1. Sulle autorità (amministrative) indipendenti è intervenuto di recente il decreto legge c.d. "salva Italia" (D.L. 6 dicembre 2011, n. 201 convertito in legge, con modificazioni, dalla legge 22 dicembre 2011, n. 214) prevedendo non solo la riduzione dei componenti delle varie autorità, ma estendendo la regolazione per autorità indipendenti ai settori dell'acqua, delle poste e dei trasporti. Abbandonata l'idea di una legge quadro che riduca la proliferazione delle varie autorità, si è dunque tornati ad utilizzare uno strumento organizzativo che, nelle intenzioni, migliora la qualità dell'azione amministrativa e la garanzia nei confronti del cittadino ma che, come è già stato segnalato in questa rivista (v. la stessa A. in questo numero e Caretti, La crisi della legge parlamentare, n. 1/2010) necessita di un rapporto diverso tra Parlamento e Autorità.

Il pericolo dal quale le Autorità ci vogliono proteggere, si legge nel saggio, cioè una disciplina sulle libertà obbediente al dictat della politica, non è meno grave del rischio di una regolazione sostanzialmente primaria, svincolata dal comando politico, autoreferenziale e quindi inidonea a comporre l'oggetto di un giudizio di responsabilità politica. I regolamenti delle Autorità, in assenza di una legge contenente la disciplina sostanziale della materia, hanno una secondarietà solo virtuale, perché non si è secondi se manca chi deve venire per primo. Il deficit di legittimazione non è colmato né dalla tecnicità della decisione, né dalla partecipazione dei regolati, né dal diritto comunitario e rimedio adeguato non sarebbe una modifica della Costituzione ex art.138, perché riconoscere alle autorità una funzione normativa pseudo-primaria va contro l'art. 1 della Costituzione, secondo il quale il circuito politico-rappresentativo è il solo ad abilitare alla decisione politica.

Il rimedio è un altro, conclude il saggio, senza bisogno di cambiare la Costituzione: alla Assemblea parlamentare la decisione politica sulle libertà, come impone la riserva di legge, e all'Autorità neutrale una regolazione puntuale entro un quadro predefinito dalla legge. 

Il problema esiste, e il merito del saggio è quello di farlo emergere con chiarezza perché la bontà dei risultati in termini di efficacia e imparzialità dell'agire amministrativo è solo uno dei valori della nostra Costituzione, di problematico raggiungimento, fra l'altro, con i criteri di nomina attuali, anche alla luce della loro applicazione.

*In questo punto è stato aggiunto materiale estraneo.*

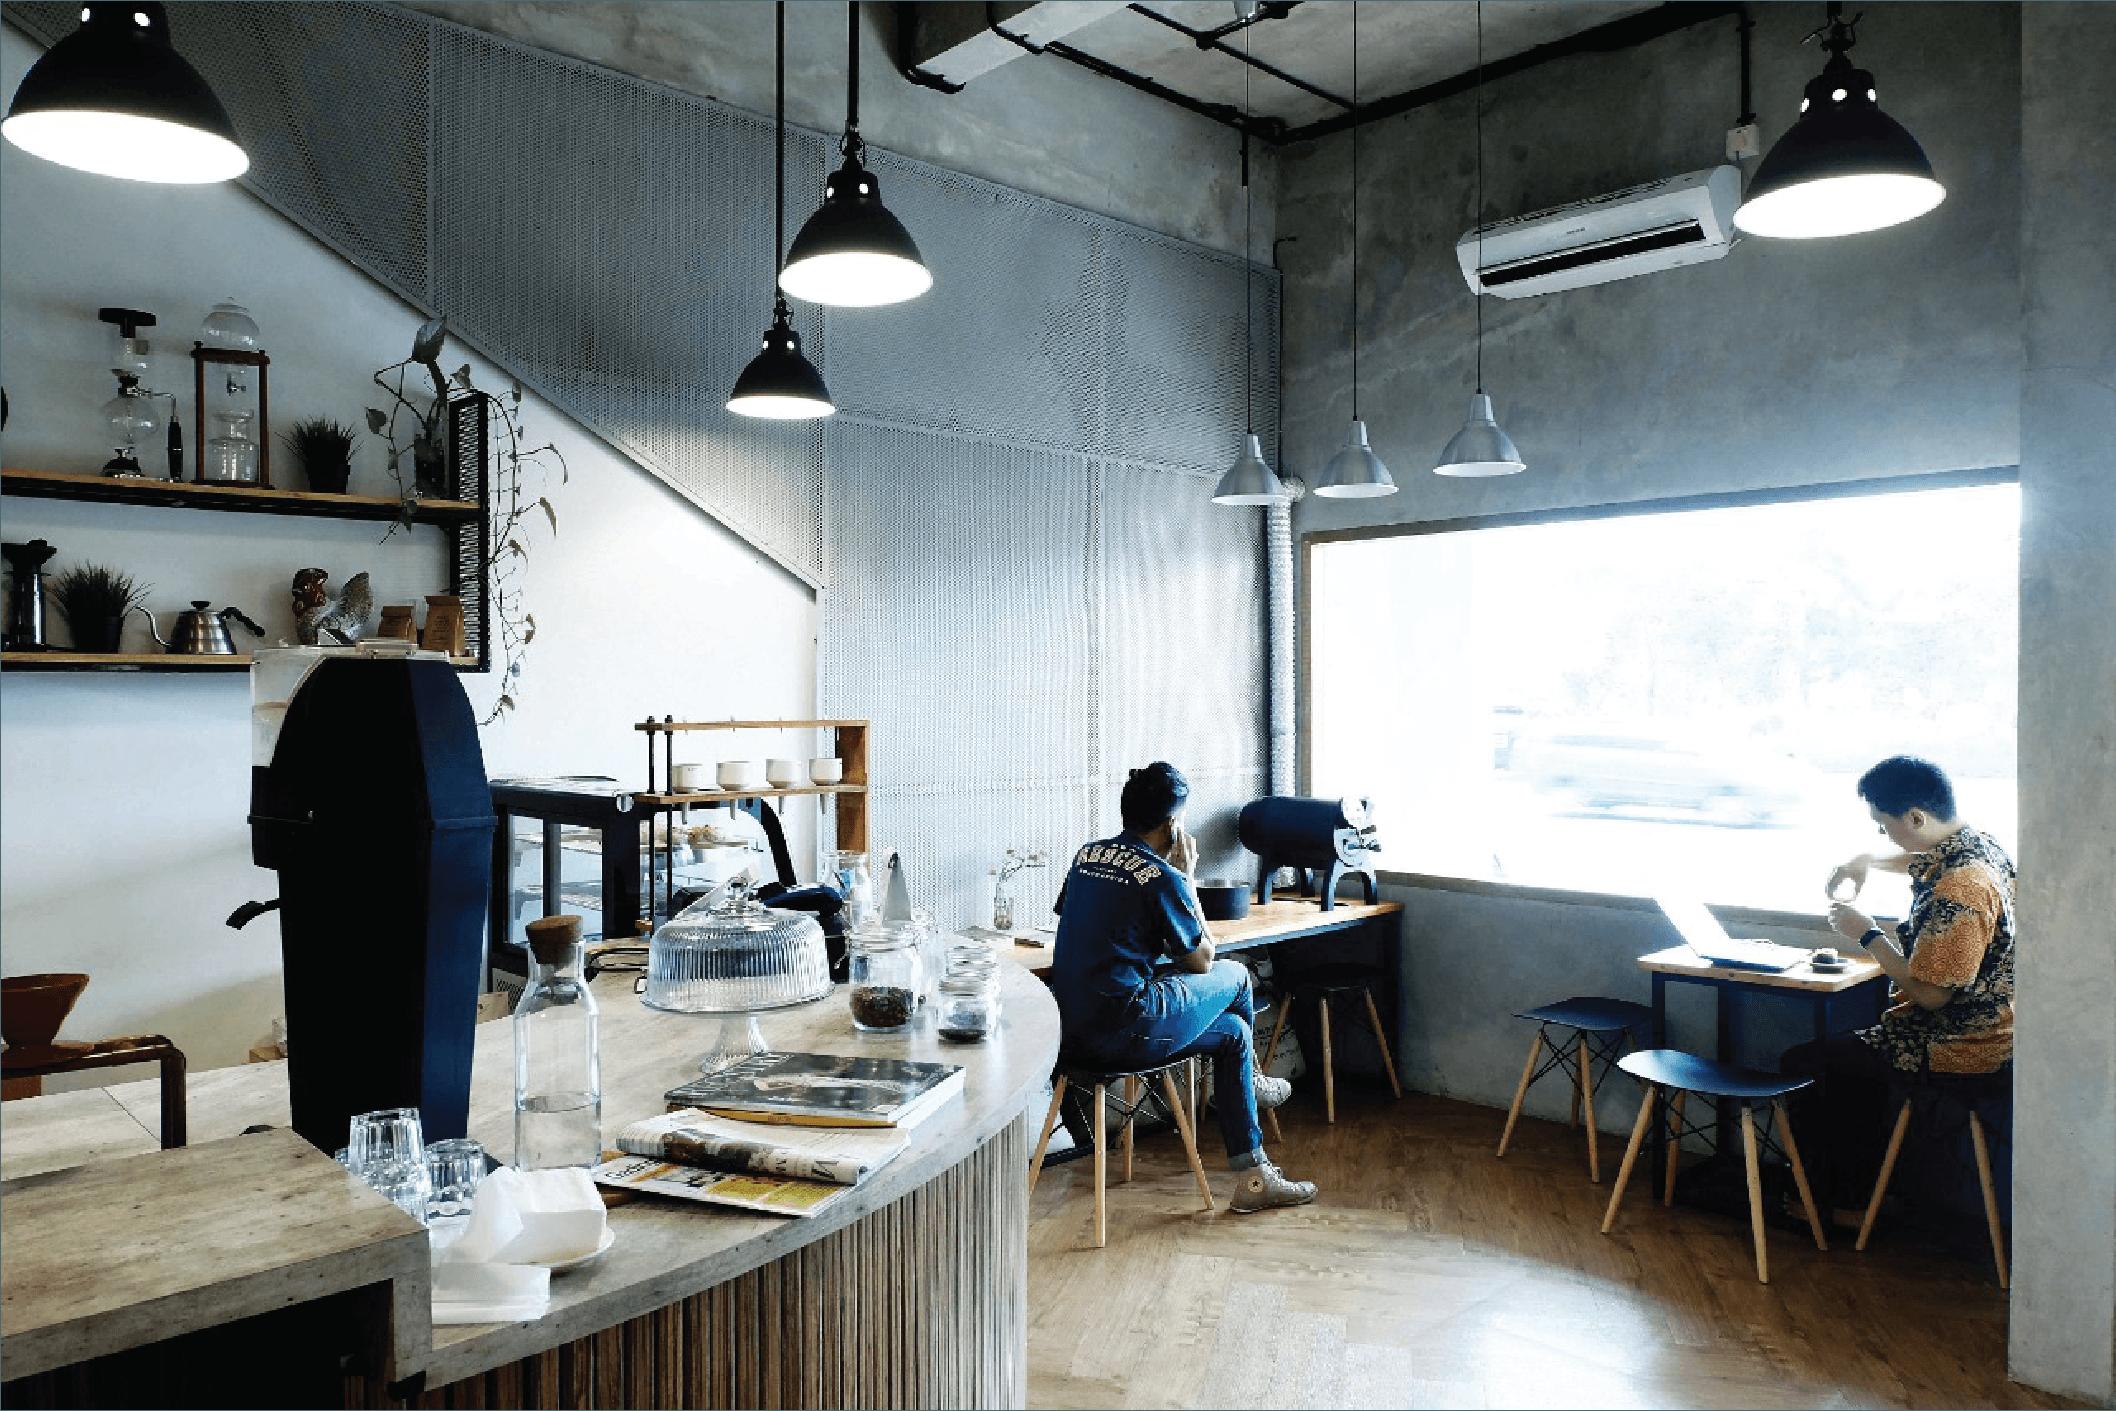 Sylvan Interior Design & Build Emmetropia Coffee Serpong, Kota Tangerang Selatan, Banten, Indonesia Serpong, Kota Tangerang Selatan, Banten, Indonesia Sylvan-Interior-Design-Emmetropia-Coffee  83358

2. Nel saggio sui regolamenti parlamentari gli Autori espongono i contenuti di una recente proposta di modifica del regolamento del Senato (2 febbraio 2012), ambiziosamente denominata "Riforma organica del Regolamento del Senato", presentata dai due vice capogruppo di PDL e PD. I quali, nella relazione, parlano di "circostanze finalmente idonee a realizzare quel processo di riforma tante volte annunciato" perché, a seguito dell'assoluta incertezza sull'esito della prossima consultazione elettorale, vi sarebbe quel "velo di ignoranza" grazie al quale nessuno dei due protagonisti è in grado di valutare se le riforme proposte determineranno un vantaggio o uno svantaggio per la propria parte politica. 

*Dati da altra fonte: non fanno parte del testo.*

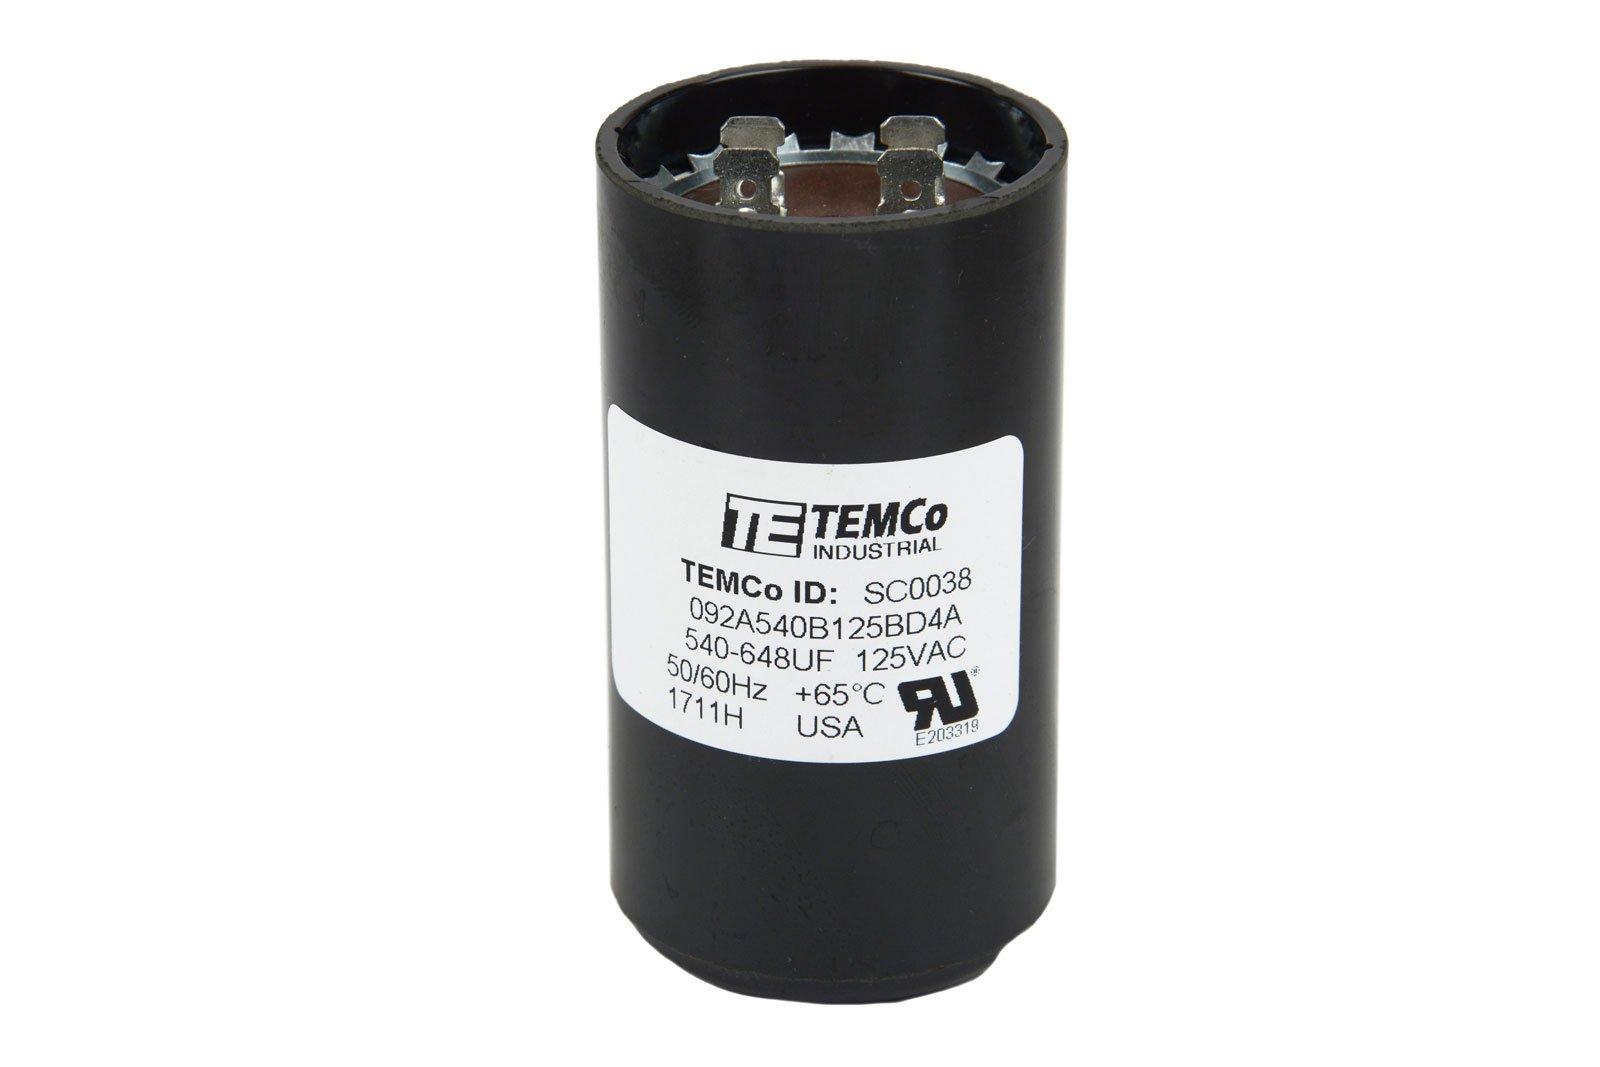 TEMCo Motor Start Capacitor SC0038-540-648 mfd 110-125 V VAC Volt uf Round HVAC AC Electric

Sembra però difficile parlare di organicità quando non si affrontano i problemi del numero delle commissioni permanenti, rimasto invariato anche dopo il passaggio di rilevanti funzioni legislative alle Regioni a seguito della modifica del Titolo V della Costituzione e quando nulla si dice né sui rapporti tra Parlamento nazionale e Parlamento europeo che, dopo Lisbona, sono coinvolti nella formazione delle norme comunitarie, né sui rapporti Parlamento - Regioni che la riforma del Titolo V della Costituzione voleva disciplinati, appunto, dai regolamenti parlamentari.

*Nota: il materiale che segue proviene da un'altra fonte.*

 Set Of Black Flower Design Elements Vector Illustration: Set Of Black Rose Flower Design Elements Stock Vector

Gli argomenti affrontati riguardano: a) il rafforzamento dell'efficacia dell'azione parlamentare del Governo; b) il rafforzamento delle prerogative delle opposizioni e degli strumenti di democrazia diretta; c) l'aumento del grado di efficienza e trasparenza delle decisioni parlamentari.

Sul primo tema si contrappongono, come ci dicono gli Autori, due orientamenti: il dilagare di decreti-legge, decreti legislativi, maxi-emendamenti e questioni di fiducia sono il segno della debolezza del Governo, di qualsiasi Governo, in quanto sprovvisto di strumenti per attuare il suo programma, o invece sono comodi opportunismi di chi si trova a gestire posizioni di potere.

La proposta in esame sposa la prima tesi e offre al Governo garanzie sui tempi di approvazione delle sue proposte, non dissimili da quelli della conversione dei decreti-legge e, soprattutto, prevede un meccanismo di votazione degli emendamenti, volto ad escludere i maxi-emendamenti (art. 18).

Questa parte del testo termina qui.